Sarkozy diz que missão da Otan na Líbia se aproxima do fim

Aliança firmou 'acordo preliminar' que prevê fim da operação para 31 de outubro; anúncio definitivo será feito semana que vem

iG São Paulo |

O presidente da França, Nicolas Sarkozy, afirmou nesta sexta-feira que a morte do líder deposto da Líbia, Muamar Kadafi , aproxima do fim a operação militar da Organização do Tratado do Atlântico Norte (Otan) no país.

“Claramente a operação está chegando ao fim”, afirmou Sarkozy, acrescentando que a maneira como a campanha militar será encerrada terá de ser discutida “entre os aliados e com a participação do governo interino na Líbia”.

A Otan decidiu concluir sua operação militar na Líbia em 31 de outubro, anunciou o secretário-geral da Aliança Atlântica, Anders Fogh Rasmussen, um dia depois da morte de Kadafi.

AP
Restos de carros que faziam parte de comboio de partidários de Kadafi atingido por ataque da Otan em Sirte, na Líbia (20/10)

Após uma reunião com o Conselho de Embaixadores dos 28 países da organização em Bruxelas, a Otan chegou a um "acordo preliminar" para encerrar sua missão sete meses após seu início.

O anúncio definitivo, segundo Rasmussen, será feito no início da semana que vem, após manter consultas com as Nações Unidas e com o Conselho Nacional de Transição (CNT) líbio.

Rasmussen disse anteriormente que, com a morte de Kadafi, "esse momento (de encerramento da campanha militar) ficou muito mais próximo". Ele também afirmou que a missão na Líbia mostra que a Otan continua tendo um papel “indispensável” nos desafios relativos às questões de segurança.

Na quinta-feira, Sarkozy teve uma reunião por videoconferência com o presidente americano, Barack Obama, e com o premiê britânico, David Cameron.

Segundo um porta-voz do gabinete de Cameron, os líderes “discutiram a necessidade de manter a operação da Otan enquanto existir ameaça aos civis”.

A operação militar da Otan na Líbia começou em março.

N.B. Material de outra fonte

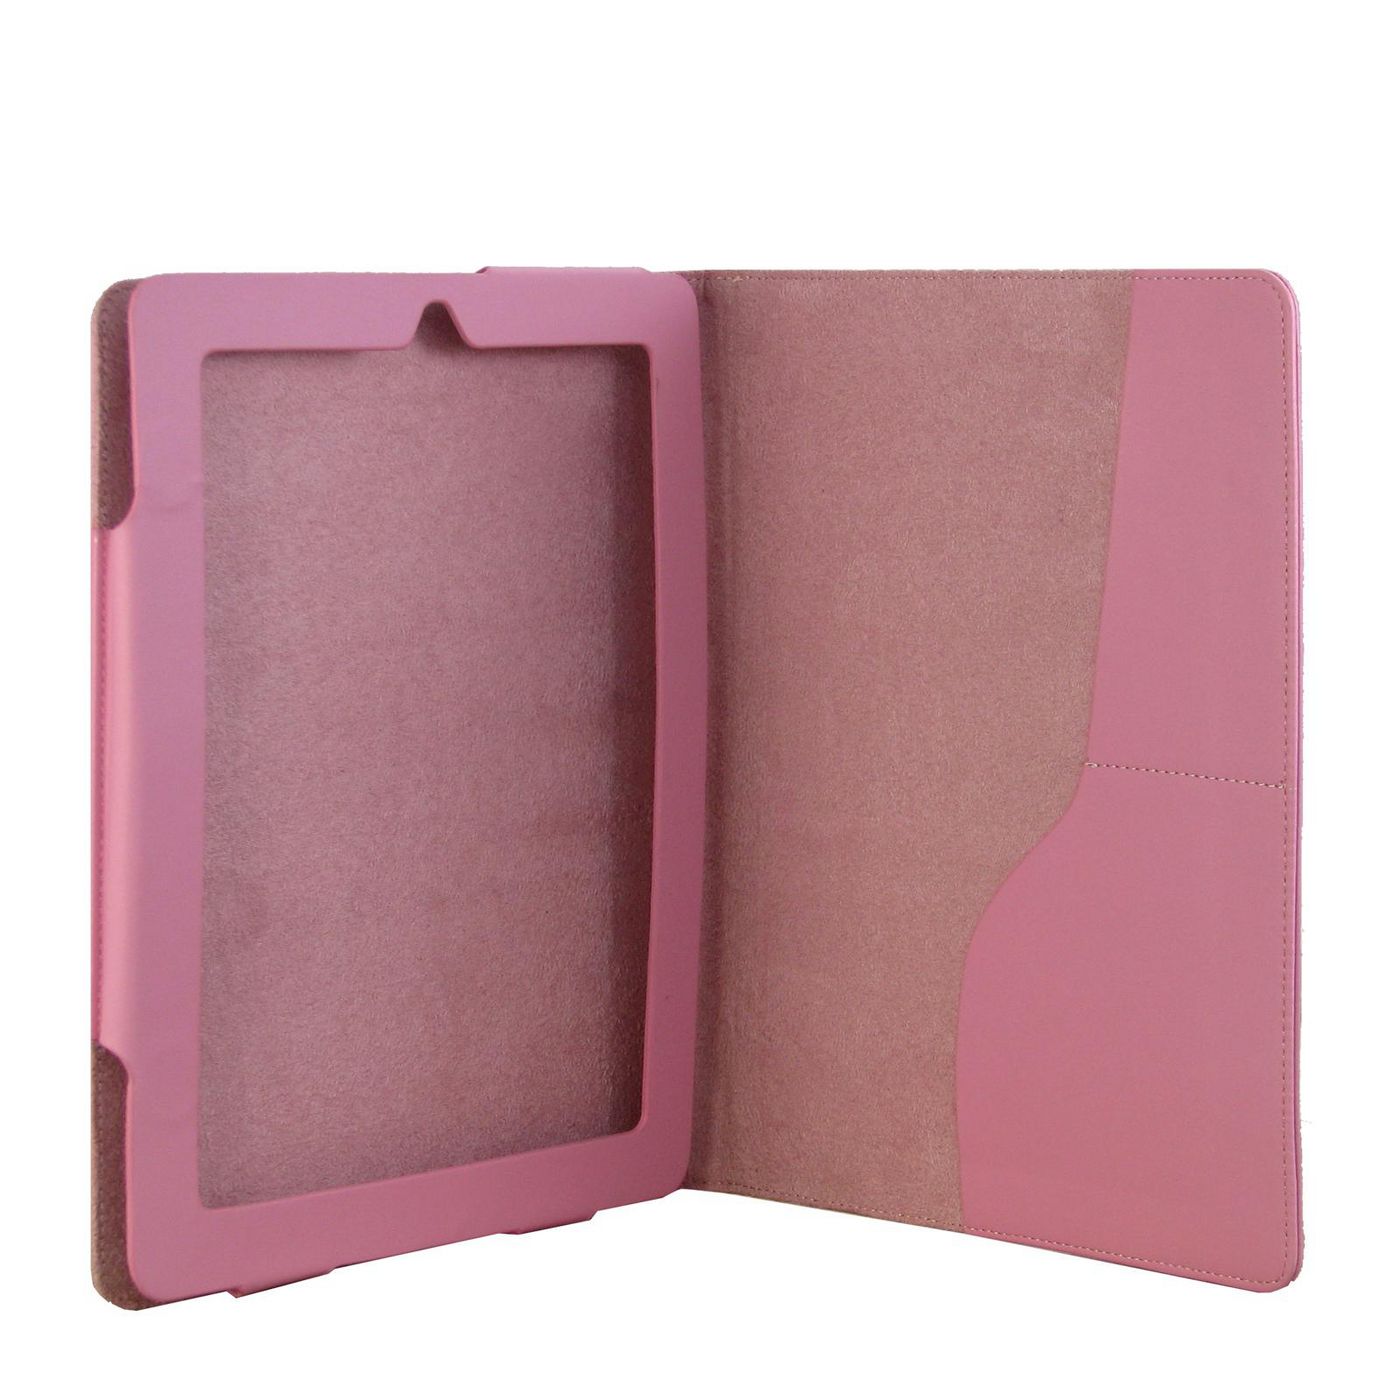 INTERTECH Ls-1061 C Flip Case Pink

Desde então, foram realizados mais de 9,6 mil ataques aéreos que destruíram mais de mil tanques, veículos, depósitos de armas e centros de controle usados por Kadafi.

A aliança também participou da ofensiva em Sirte na quinta-feira que resultou na captura de Kadafi, cujas morte aconteceu em circunstâncias incertas .

Em comunicado divulgado nesta sexta-feira, a Otan afirmou ter atacado um comboio de aproximadamente 75 veículos armados que tentava deixar a cidade. Um veículo foi destruído e o comboio se dispersou.

Um outro jato da Otan atacou 20 veículos que seguiam em direção ao sul em alta velocidade, destruindo ou danificando cerca de 10 carros. “Depois fomos informados pela inteligência aliada e por outras fontes que Kadafi estava no comboio e que o ataque provavelmente contribuiu para sua captura”, diz o comunicado.

O fim violento de Kadafi na cidade onde nasceu, Sirte, representou a morte de um regime que comandou com mãos de ferro durante 42 anos e foi derrubado por um levante popular iniciado em fevereiro que se tornou uma sangrenta guerra civil.

Kadafi, foragido havia dois meses , foi o primeiro chefe de Estado deposto pelas revoltas da Primavera Árabe que acabou morto.